Others chime in with contempt for the equivocating liberal scholars Breyer so admires. Finally, a Muslim convert speaks up. “See, this is what I’m telling you, man. The Koran is the place to go for answers! . . . I became a Muslim because the Koran has the most truth in it. You don’t argue about what it means. You read it, and you know what to do. The Prophet got the word directly from God.”

“Is that right?” asks Tyrone. “Is that how it is? The Koran has more answers than the Bible?” Undeterred, and unable to grasp the significance of the moment, Breyer sets out to teach these poor sinners that the Bible doesn’t have to be taken literally. There are lots of gray areas, she tells them, and they should feel empowered by the fact that they can interpret Scripture any way they like. The inmates are unmoved.

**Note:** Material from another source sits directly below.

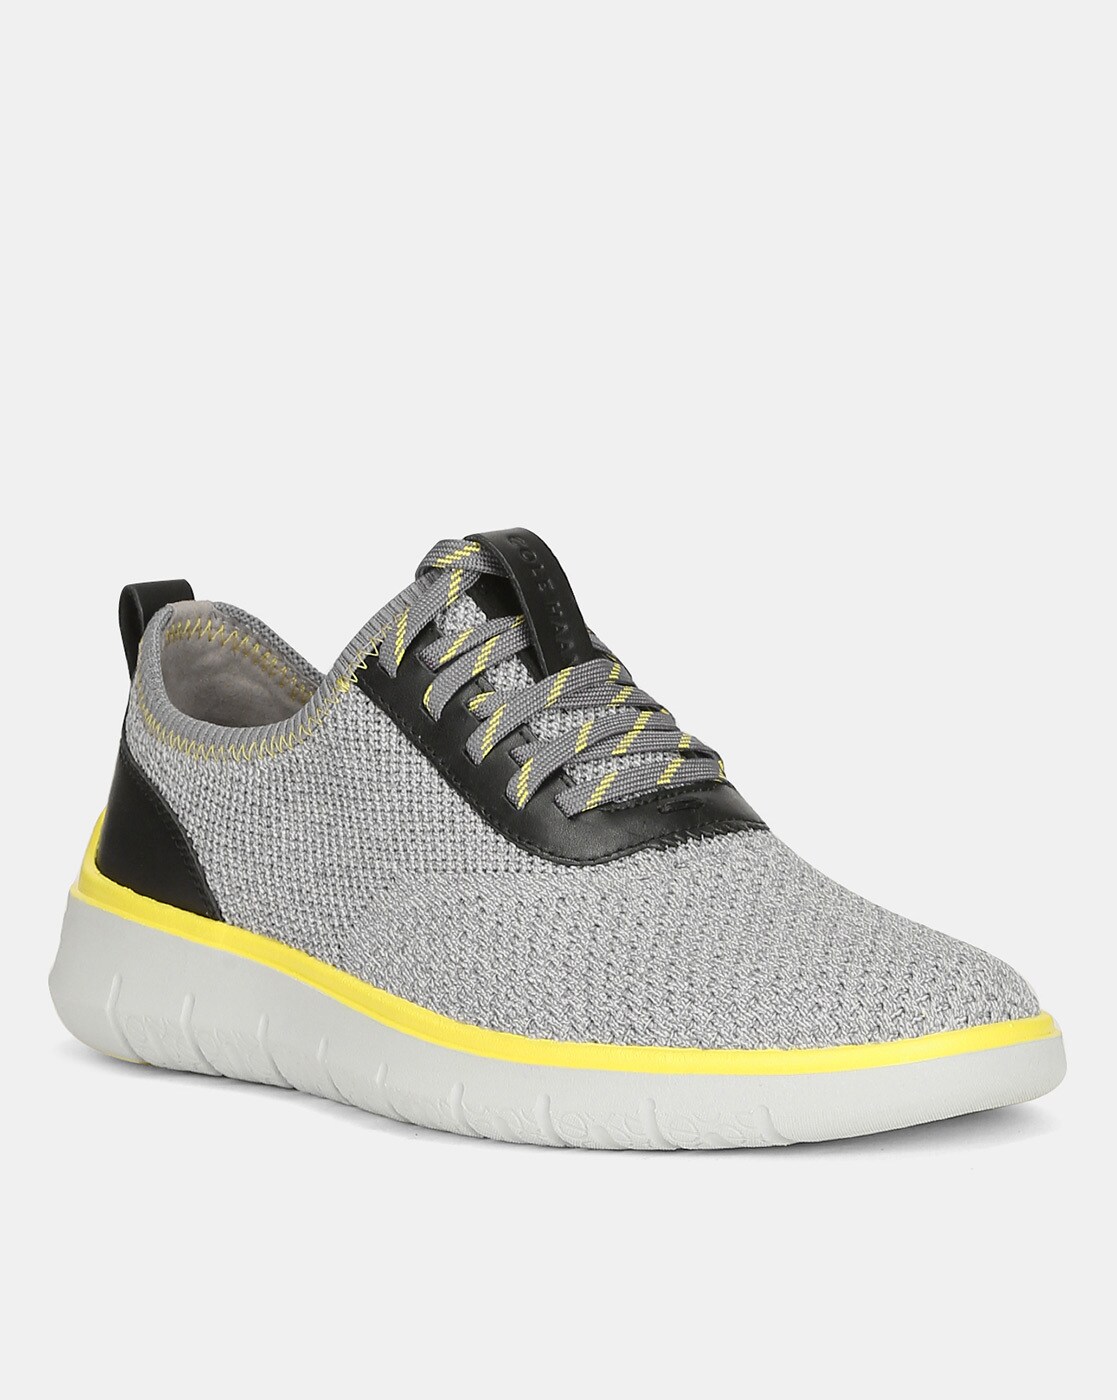 cole haan gray sneakers

“They want answers, not questions,” Breyer writes. “[T]he more contradictions I point out in the Bible, the more the inmates decide there is no point in wasting their time with a religion that lacks answers.”

Smart cookies, those crooks, who intuitively grasp the worthlessness of Breyer’s baptized sophistries to their broken lives. Their critique is utterly lost on this earnest young woman, who does not know, or perhaps simply does not have the courage or conviction to say to these men, that Jesus is “the Way, the Truth, and the Life.”

One thinks of Ray Browne, the Catholic bishop of Kerry, Ireland, who has punished a Catholic priest for daring to proclaim Catholicism from the pulpit. This will not bring more people into the Church. It only shows that the Church is led by men who don't really believe in Catholicism ... so why should you?